*Problem*
Using the records below, transcribe word for word the stretch from the line that contains "Fireflies in a" through the line that contains "Artistic Stairways Attest", both end lines included, and nothing else.

*Records supplied*
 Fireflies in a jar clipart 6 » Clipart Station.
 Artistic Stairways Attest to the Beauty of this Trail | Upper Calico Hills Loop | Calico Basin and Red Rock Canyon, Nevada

---

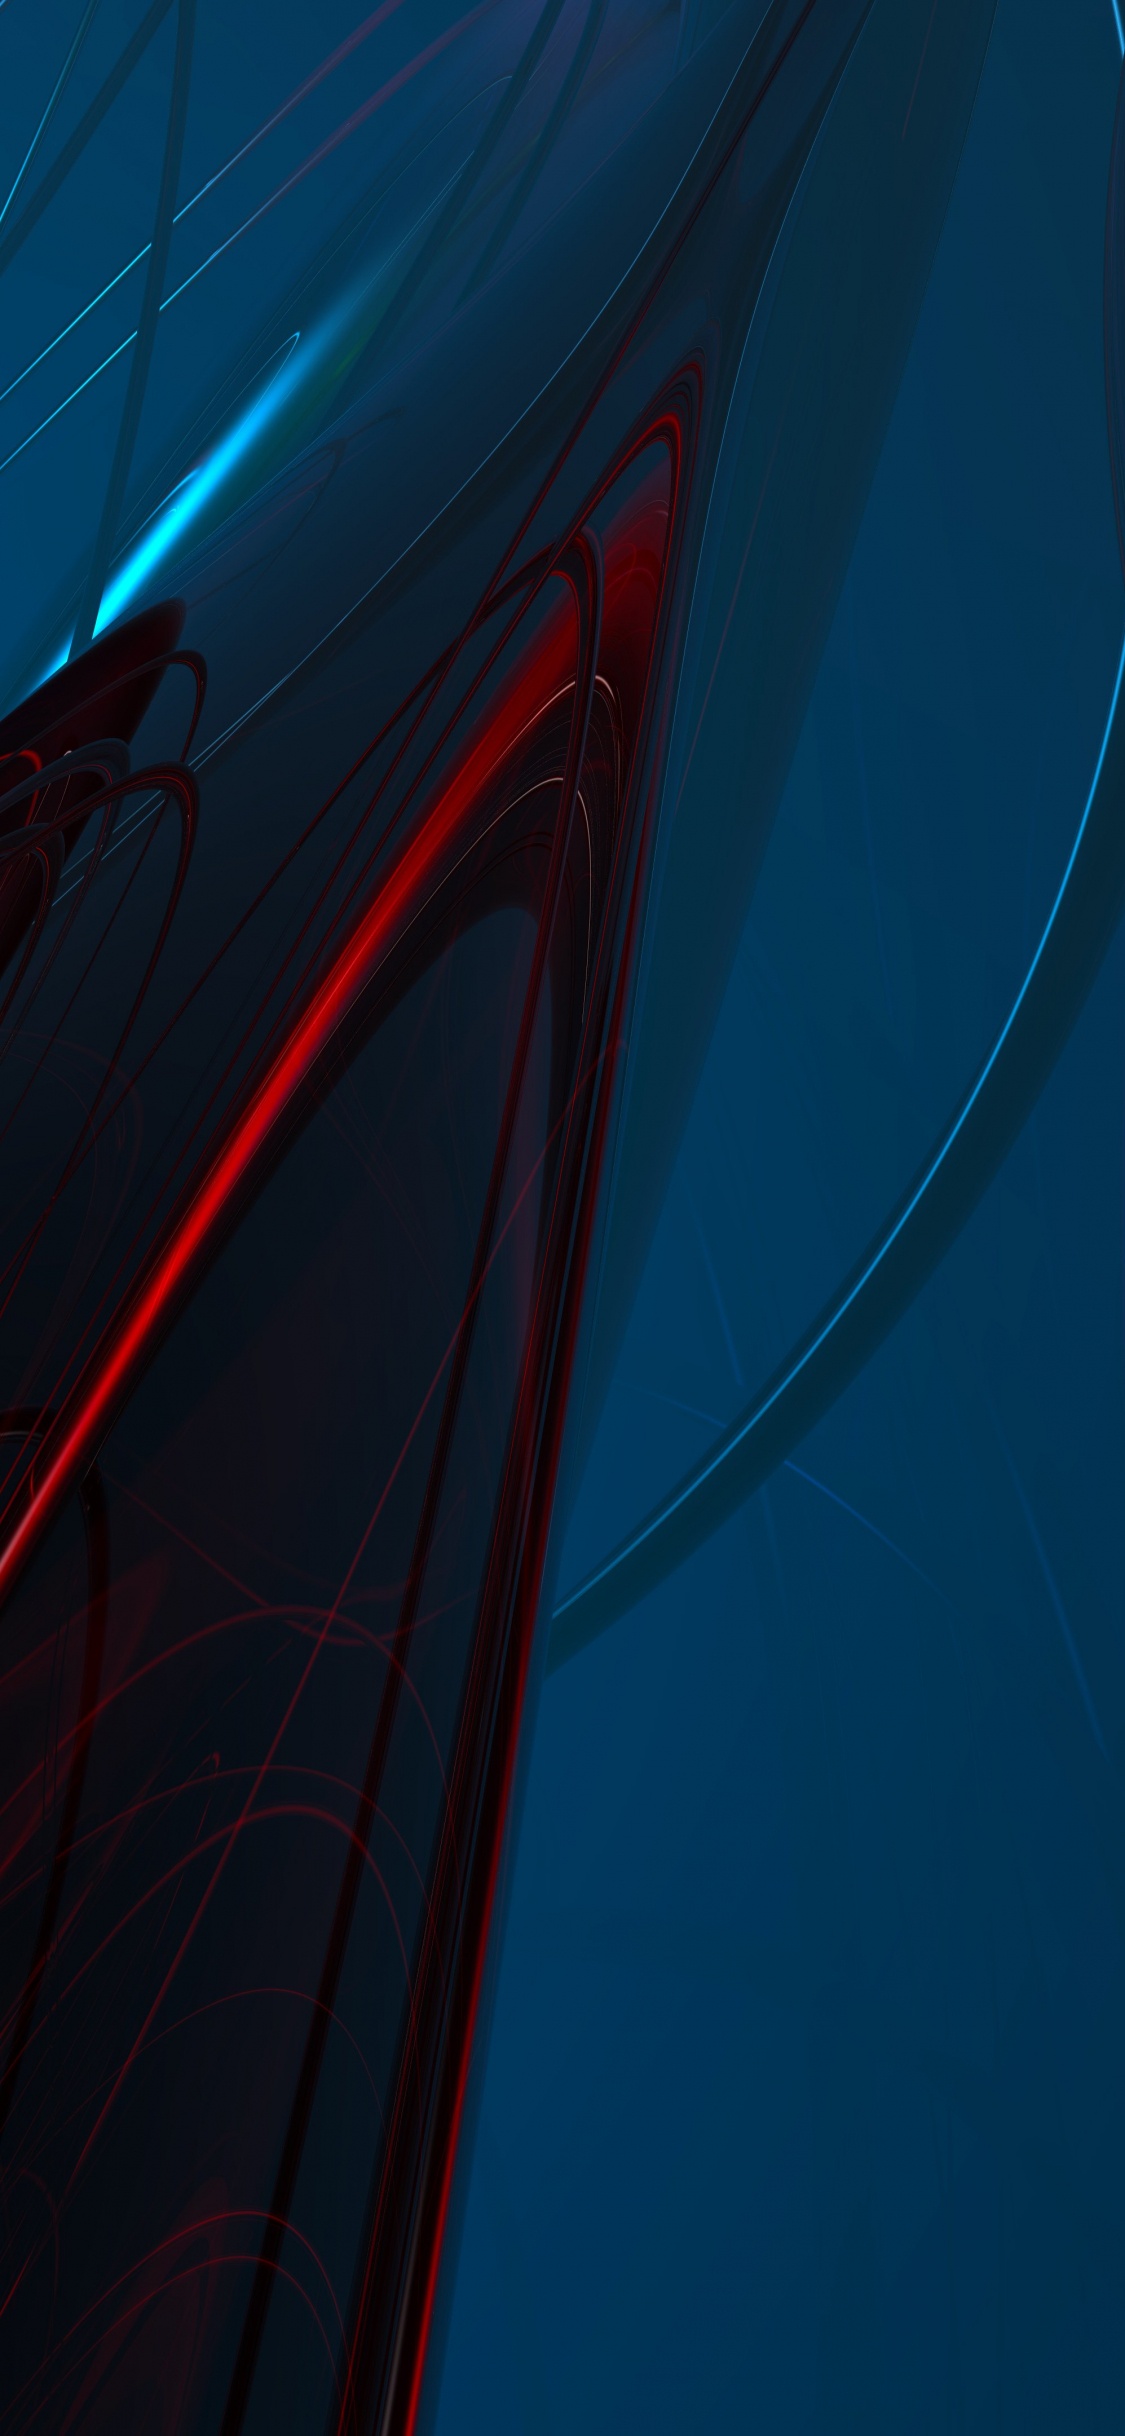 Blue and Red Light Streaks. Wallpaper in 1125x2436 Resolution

...

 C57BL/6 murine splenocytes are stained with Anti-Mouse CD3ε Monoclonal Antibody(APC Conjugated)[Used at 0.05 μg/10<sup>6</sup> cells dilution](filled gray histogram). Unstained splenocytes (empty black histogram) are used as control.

*Solution for this task*
 Fireflies in a jar clipart 6 » Clipart Station.
 Artistic Stairways Attest to the Beauty of this Trail | Upper Calico Hills Loop | Calico Basin and Red Rock Canyon, Nevada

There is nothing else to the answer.